The House of Representatives Committee on Finance on Friday threatened to instigate the removal of the Managing Director and other top officials of the Nigeria Civil Aviation Authority (NCAA) for allegedly hiding billions of naira of Internally Generated Revenue (IGR).
Rep. James Faleke (APC-Lagos), the chairman of the Committee, said this at the resumed interactive session with revenue-generating agencies in Abuja on Friday.
Faleke accused the NCAA management of depriving the nation of its financial responsibility by hiding the amount of revenue it generated annually.
He said the NCAA management had refused to give the committee the requested data on the number of passengers that flew airlines because it does not want to disclose the amount of its annual IGR.
He, however, promised that the committee would get the money no matter how hard the NCAA tried to hide it.
“You people have always reported a negative balance.
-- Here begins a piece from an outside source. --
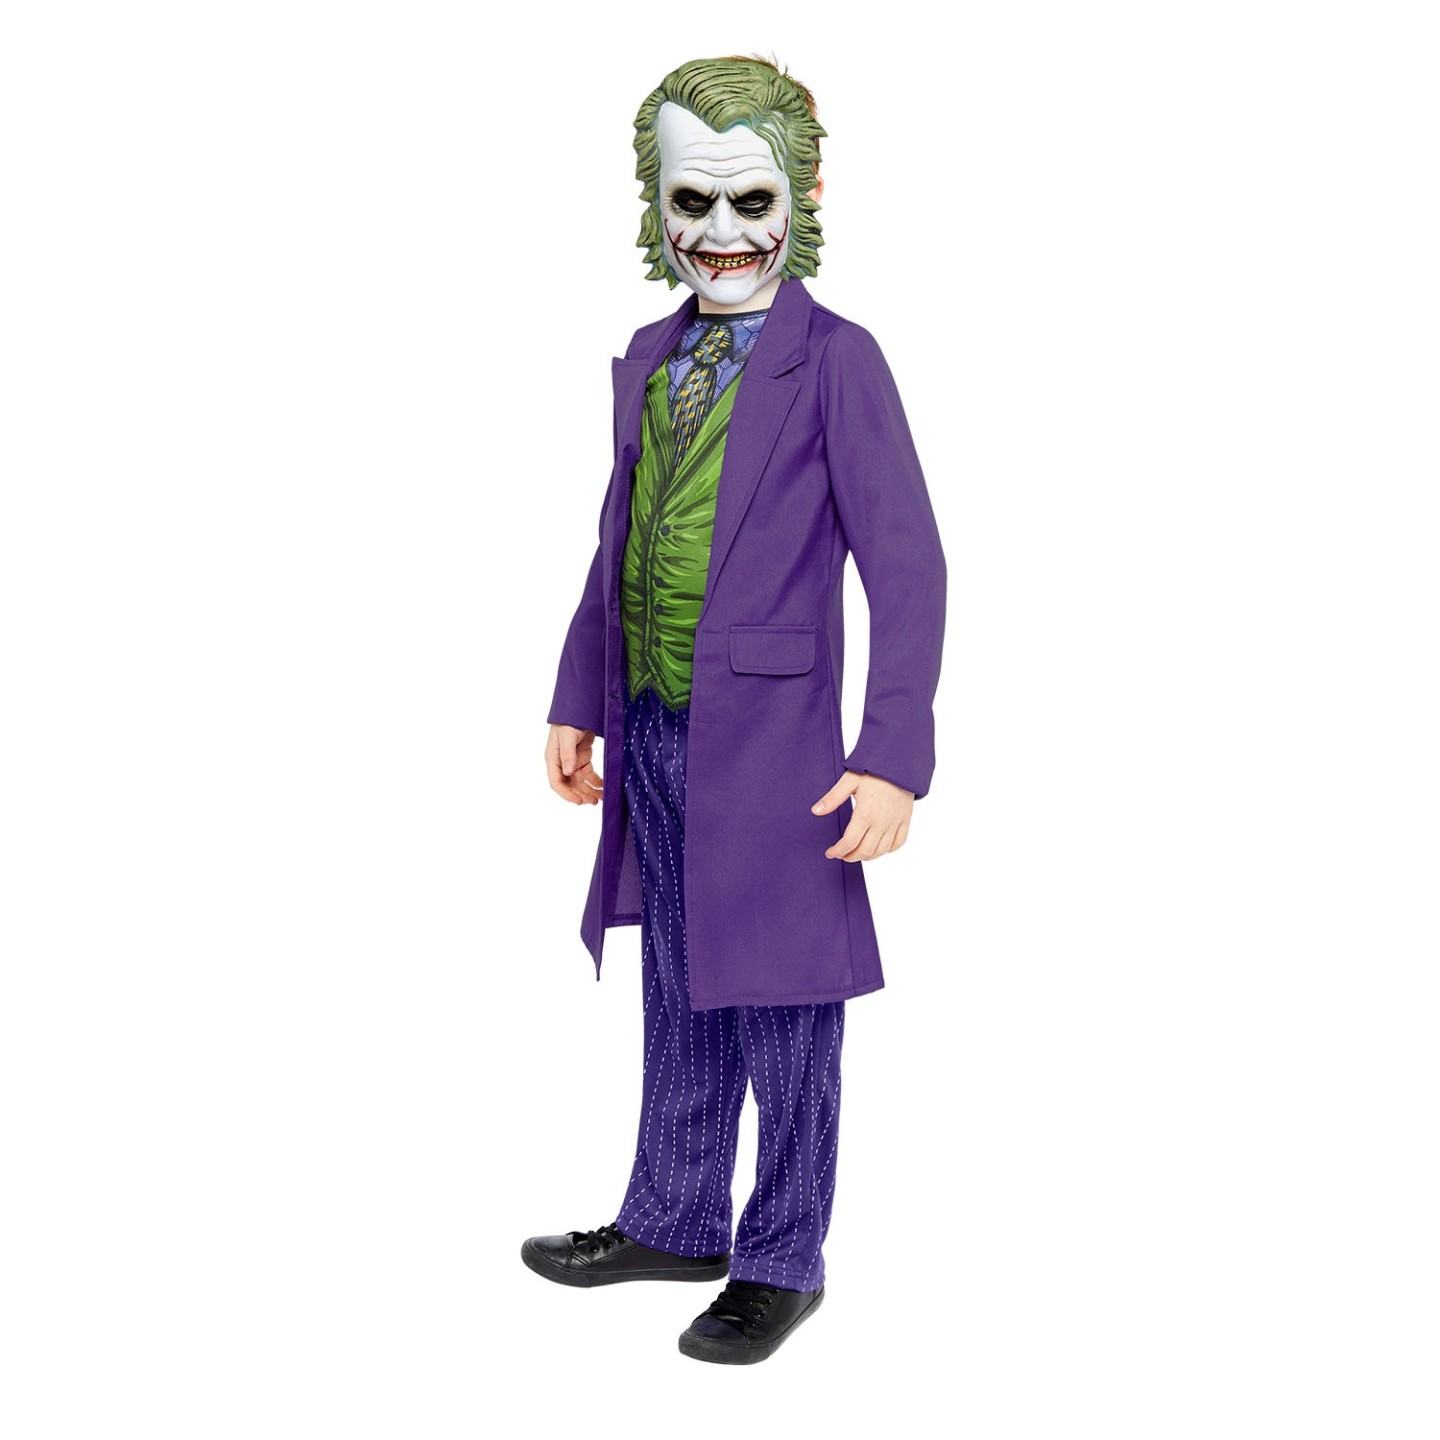 Subjectief Grappig Somatische cel The Joker kostuum kind kopen| Jokershop.be - Halloween Verkleedkleding

I have done so much research this year on NCAA, which is why I have so much information.
“If we further compel you to provide such information, somebody else will occupy that office,” he said.
The committee unanimously agreed that if the NCAA came back and could not produce the requested document on or before Dec. 14, it would affect their seat.
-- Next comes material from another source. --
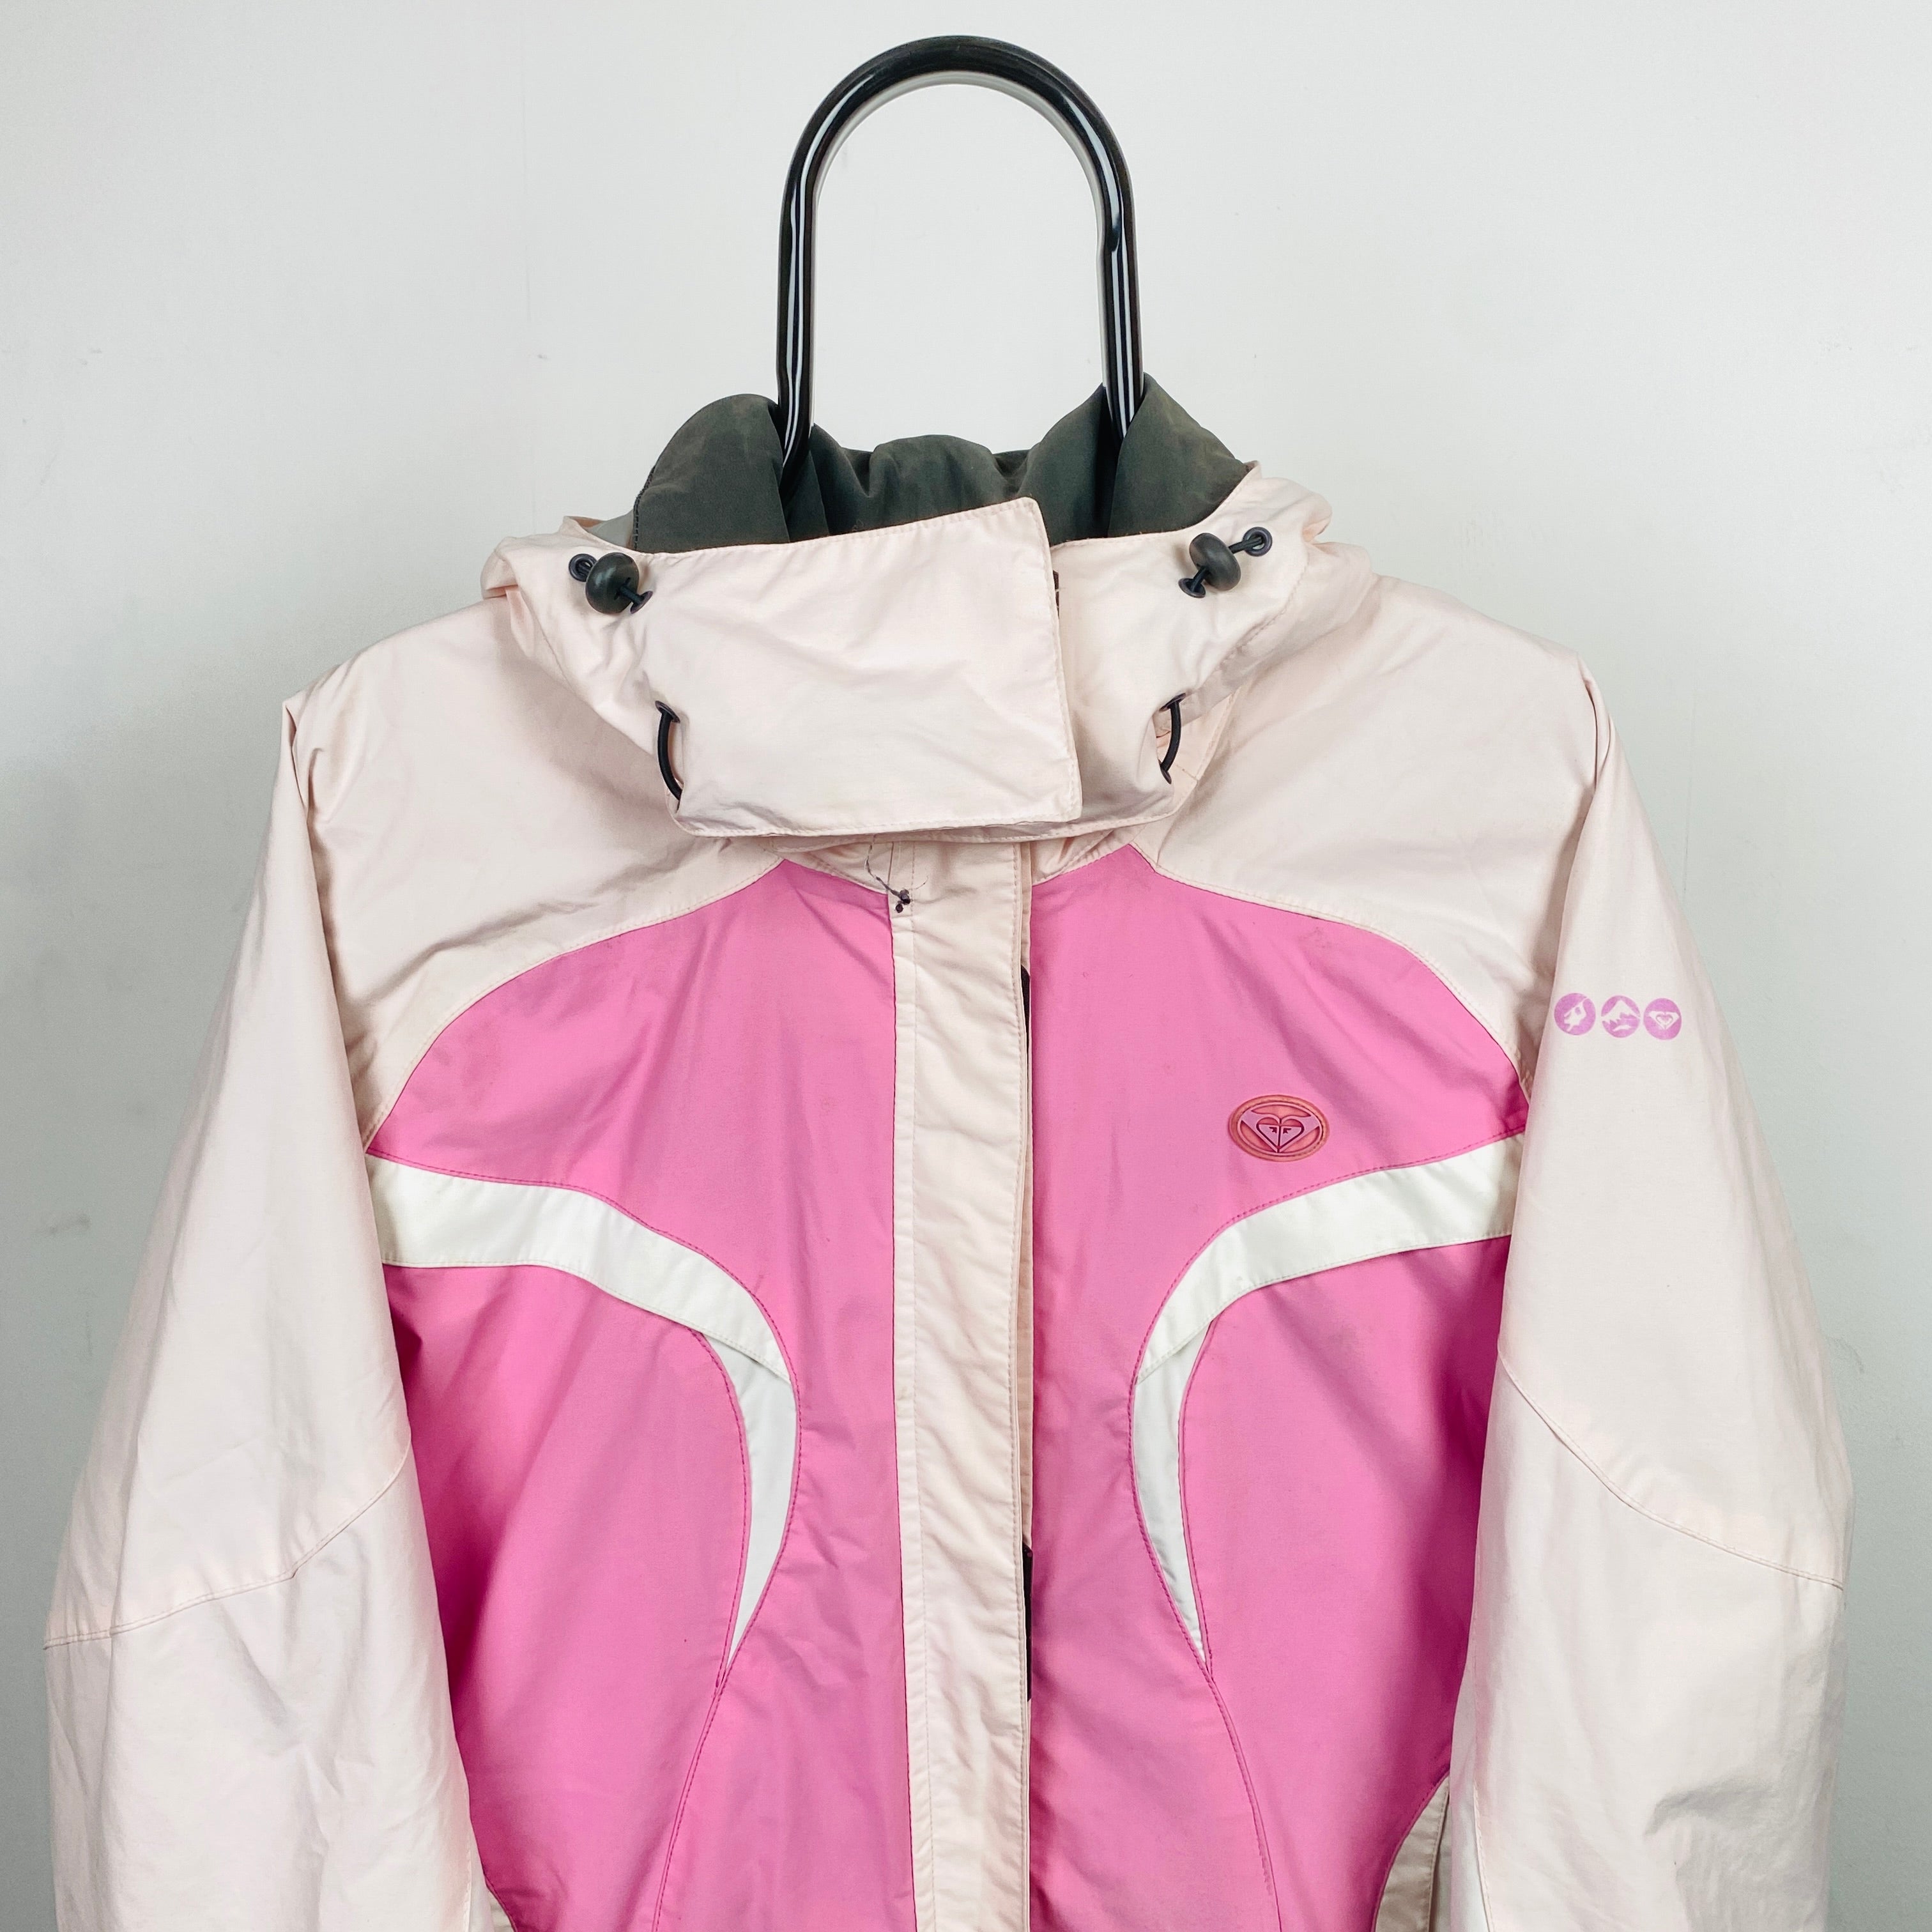 PINK Windbreaker Jacket for Women Small

The committee said it was empowered by law to scrutinise the NCAA’s document and must be tendered on request, adding that anything such as presenting the document would amount to a waste of time.
The committee said the abandoned recklessness going on in the nation’s domestic airlines was unprecedented.
Falake demanded comprehensive details on how the NCAA arrived at the data of passengers flying month by month and which airline carried the passengers submitted before it.
He urged the Nigeria Meteorological Agency (NiMET) to also produce its reconciliation of the revenue shared by the NCAA, adding that it was not enough for the NCAA to give it just N2 billion without proper reconciliation.
Falake, however, asked the NCAA to produce “the total number of passengers that flew all airlines every month, and the airline, and how many passengers they carried.
Others included: which destination and the fare charge, where the five per cent of the money retired was, and which bank account and distribution pattern of that sum and evidence of distribution
The committee also threatened to issue an arrest warrant for Nigeria Airspace Management Agency (NAMA) if it failed to appear before it on Dec. 4.
In their response to various allegations, the NCAA representatives, Captain Ibrahim Dambazau and Abubakar Gachi said the data of passengers being requested was presented earlier, and it was correct, contrary to the committee’s claim of presenting fake data.
He said the data was analysed with the same document presented before the committee.
NIMET, on his part, said it used to do account reconciliation with the NCAA before now, but it had since stopped in 2017 with the Federal Airport Authority of Nigeria (FAAN).
From the documents earlier submitted to the committee, the NCAA declared N12.7 billion in revenue from the share of the gross revenue allotted to regulatory agencies in the industry.
The lawmaker, however, said the amount was below the computed gross revenue share received by NCAA worth N66 billion, realised from both revenues accrued from local and international travels for 2022.